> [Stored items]
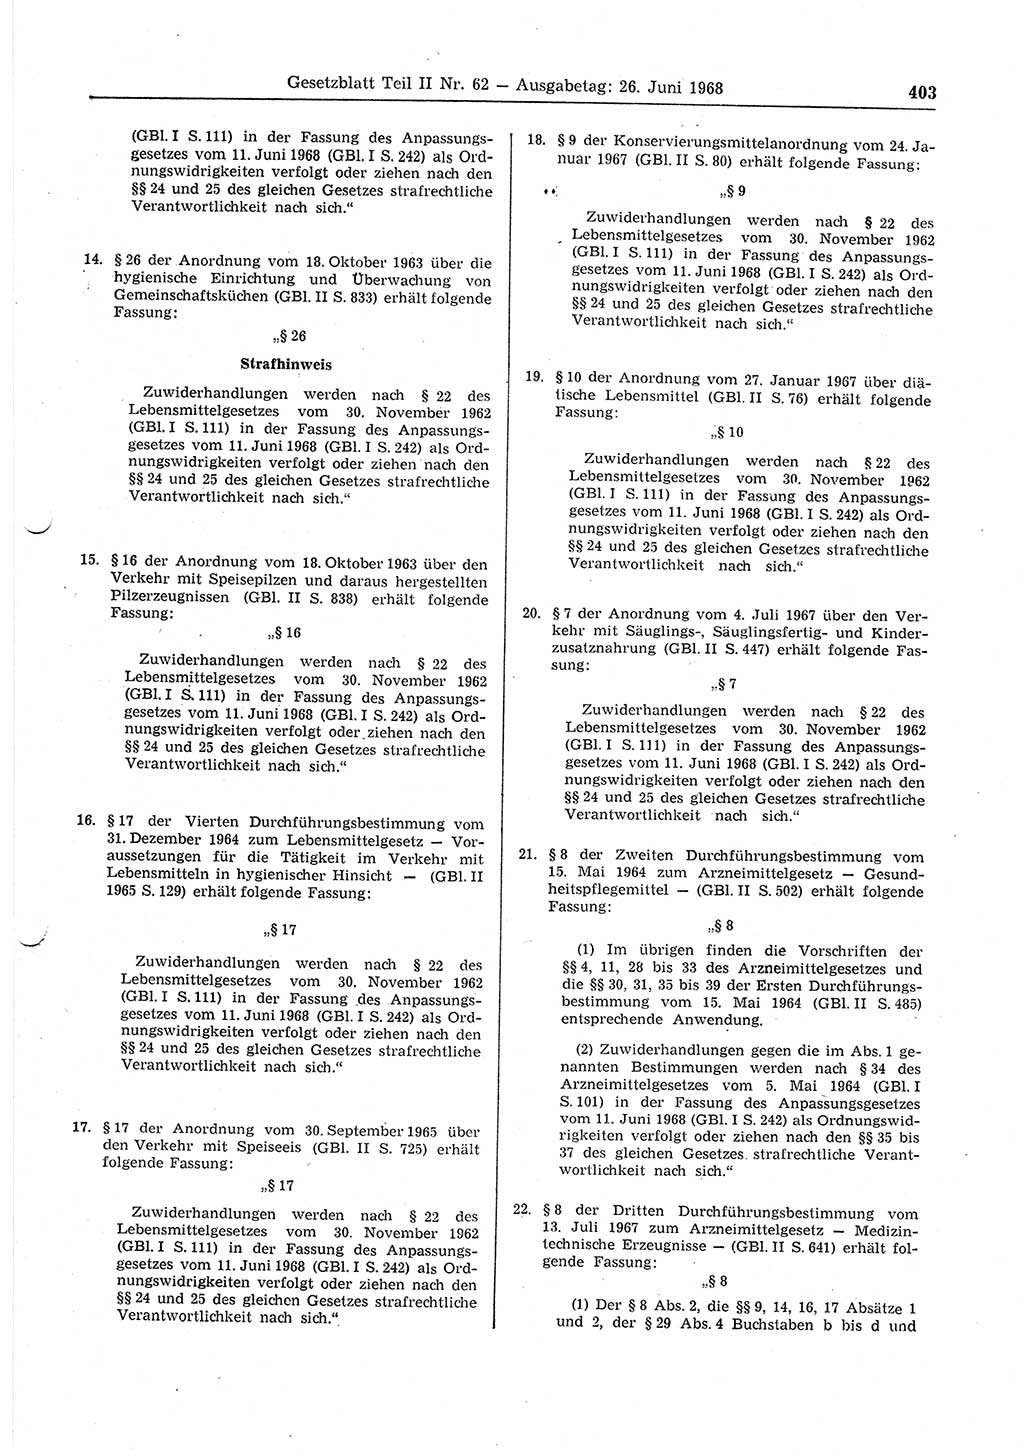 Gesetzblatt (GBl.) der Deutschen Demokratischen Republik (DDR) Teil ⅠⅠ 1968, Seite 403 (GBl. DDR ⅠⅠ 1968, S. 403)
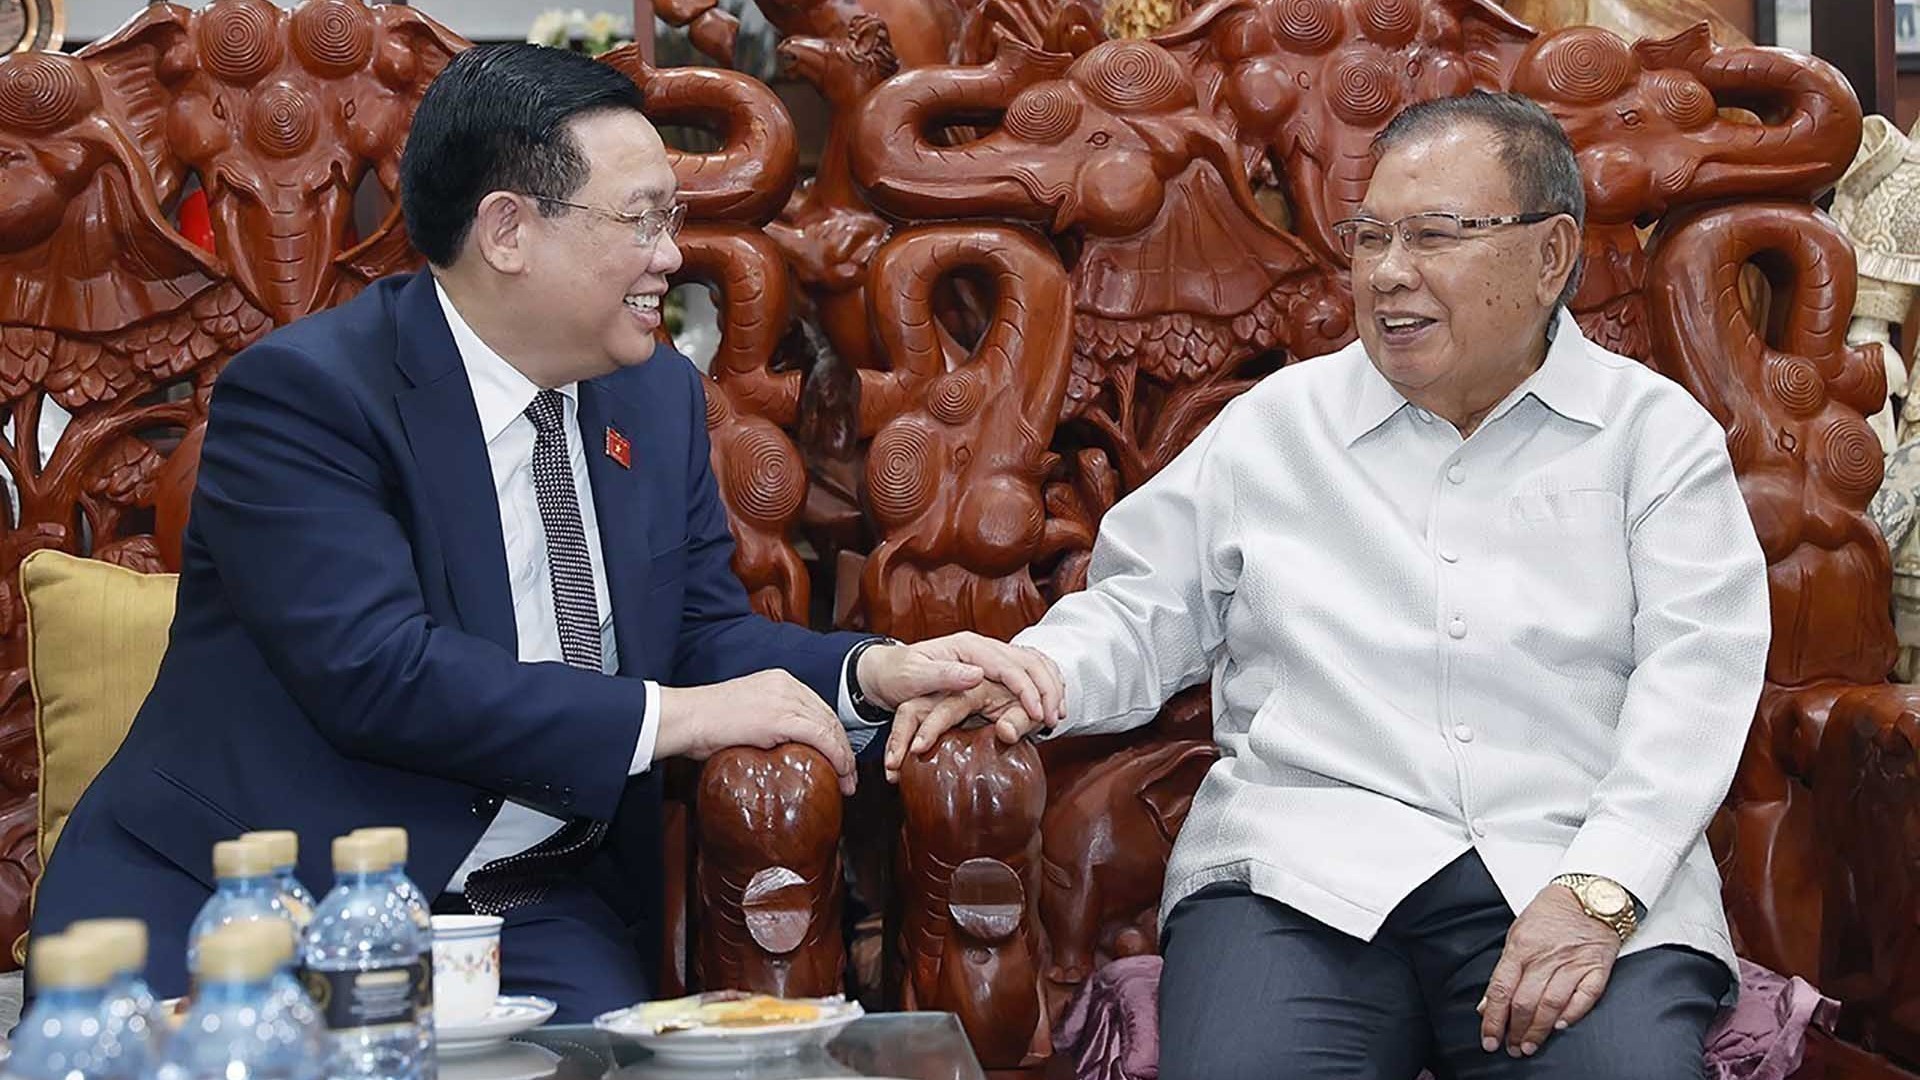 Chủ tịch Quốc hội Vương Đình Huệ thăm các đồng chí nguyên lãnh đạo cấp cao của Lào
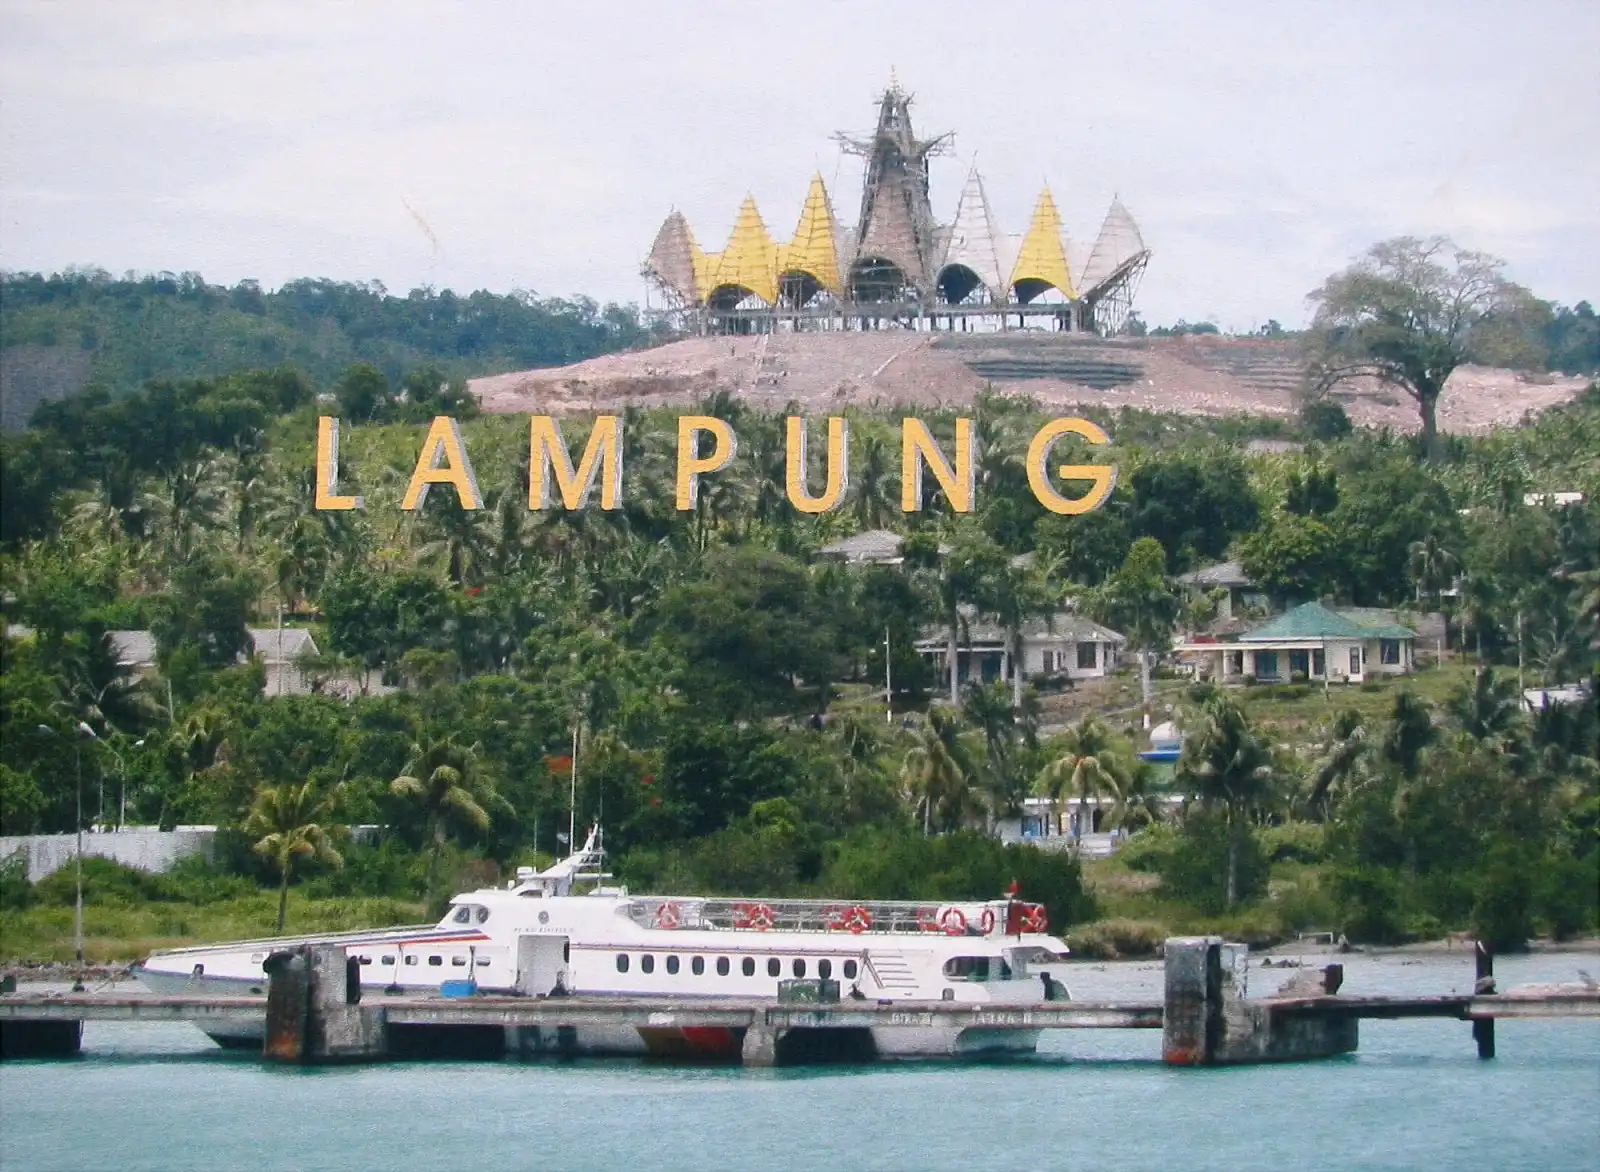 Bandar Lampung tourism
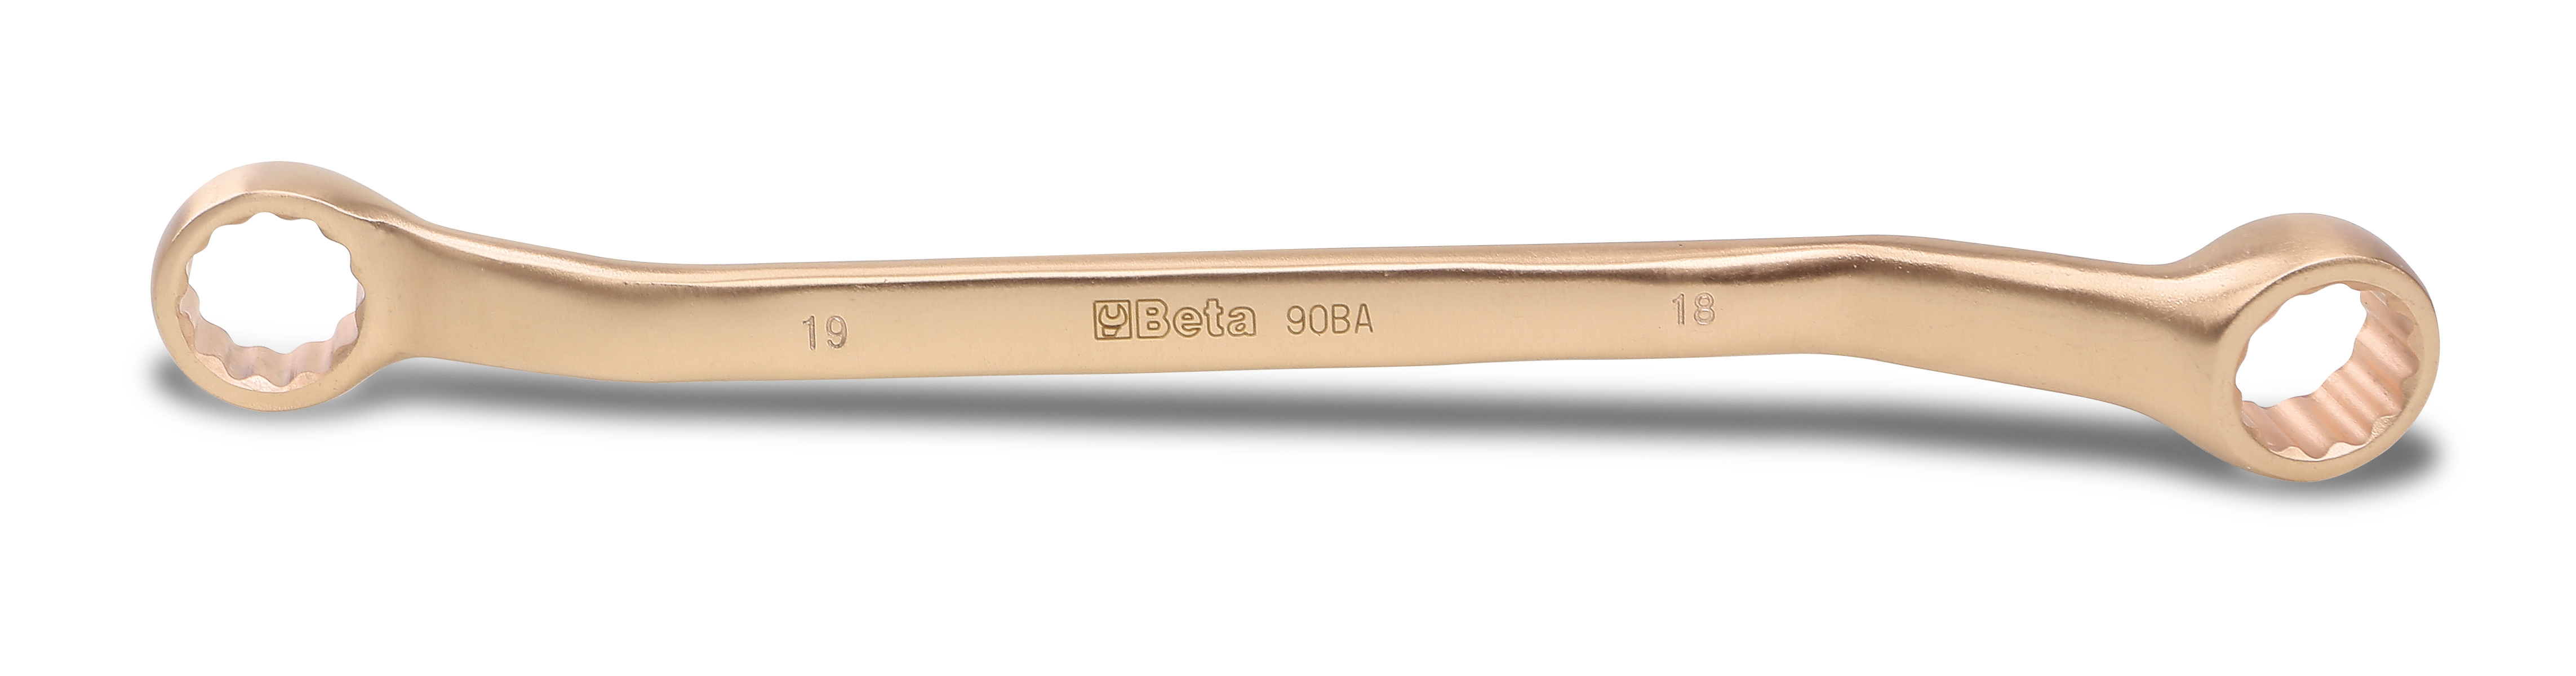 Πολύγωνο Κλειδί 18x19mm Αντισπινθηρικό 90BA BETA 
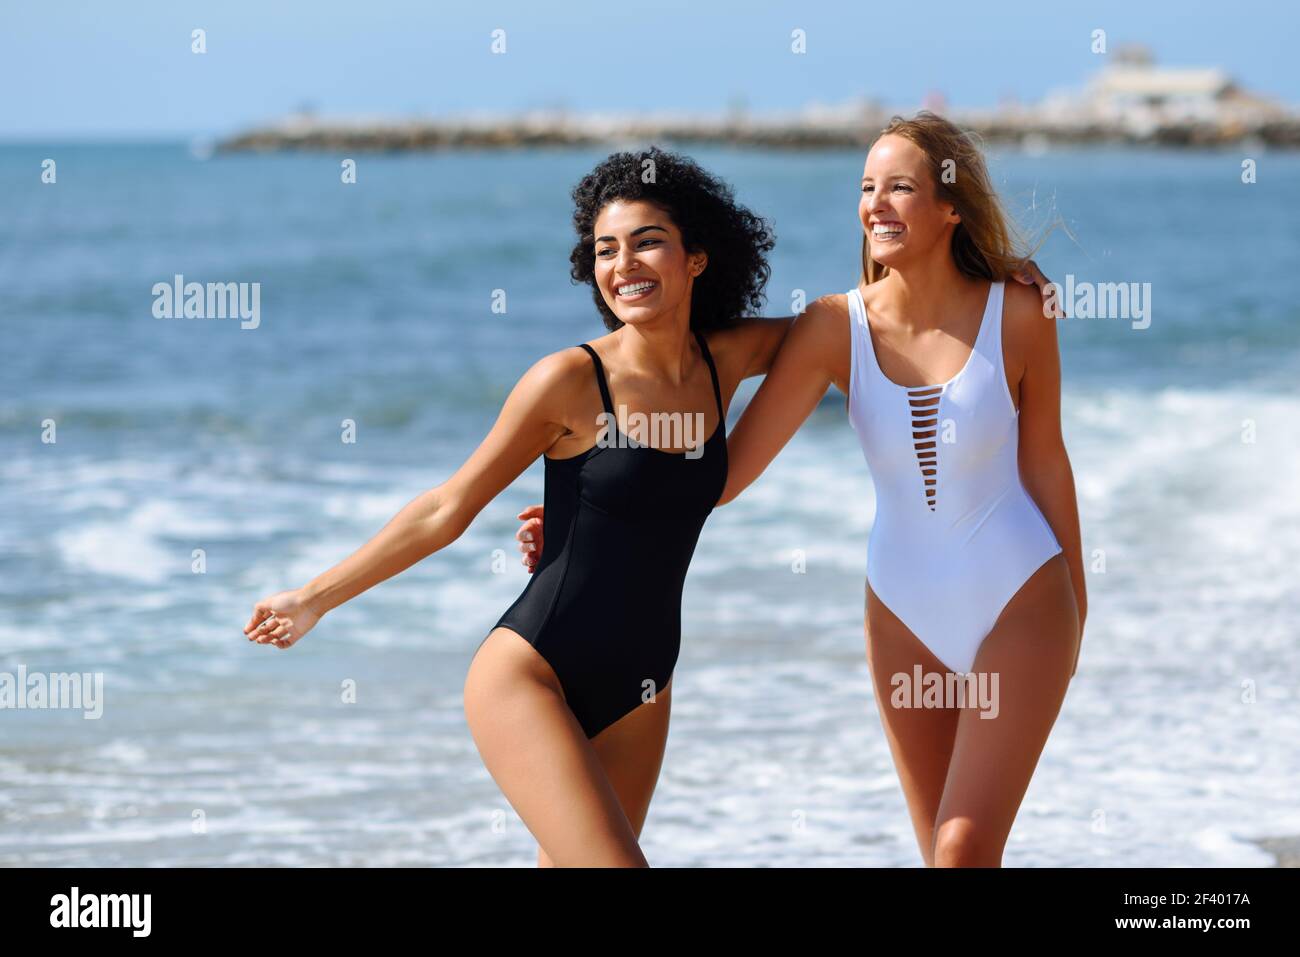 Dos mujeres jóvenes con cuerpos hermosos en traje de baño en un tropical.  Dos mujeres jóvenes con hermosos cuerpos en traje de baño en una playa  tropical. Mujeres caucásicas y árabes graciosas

> [What the exercise asks] Excluding the pictures, write out exactly the lines from the line that contains "Bandar Lampung tourism" through the end of the records.

> [The completed task]
 Bandar Lampung tourism
 Πολύγωνο Κλειδί 18x19mm Αντισπινθηρικό 90BA BETA 
 Dos mujeres jóvenes con cuerpos hermosos en traje de baño en un tropical.  Dos mujeres jóvenes con hermosos cuerpos en traje de baño en una playa  tropical. Mujeres caucásicas y árabes graciosas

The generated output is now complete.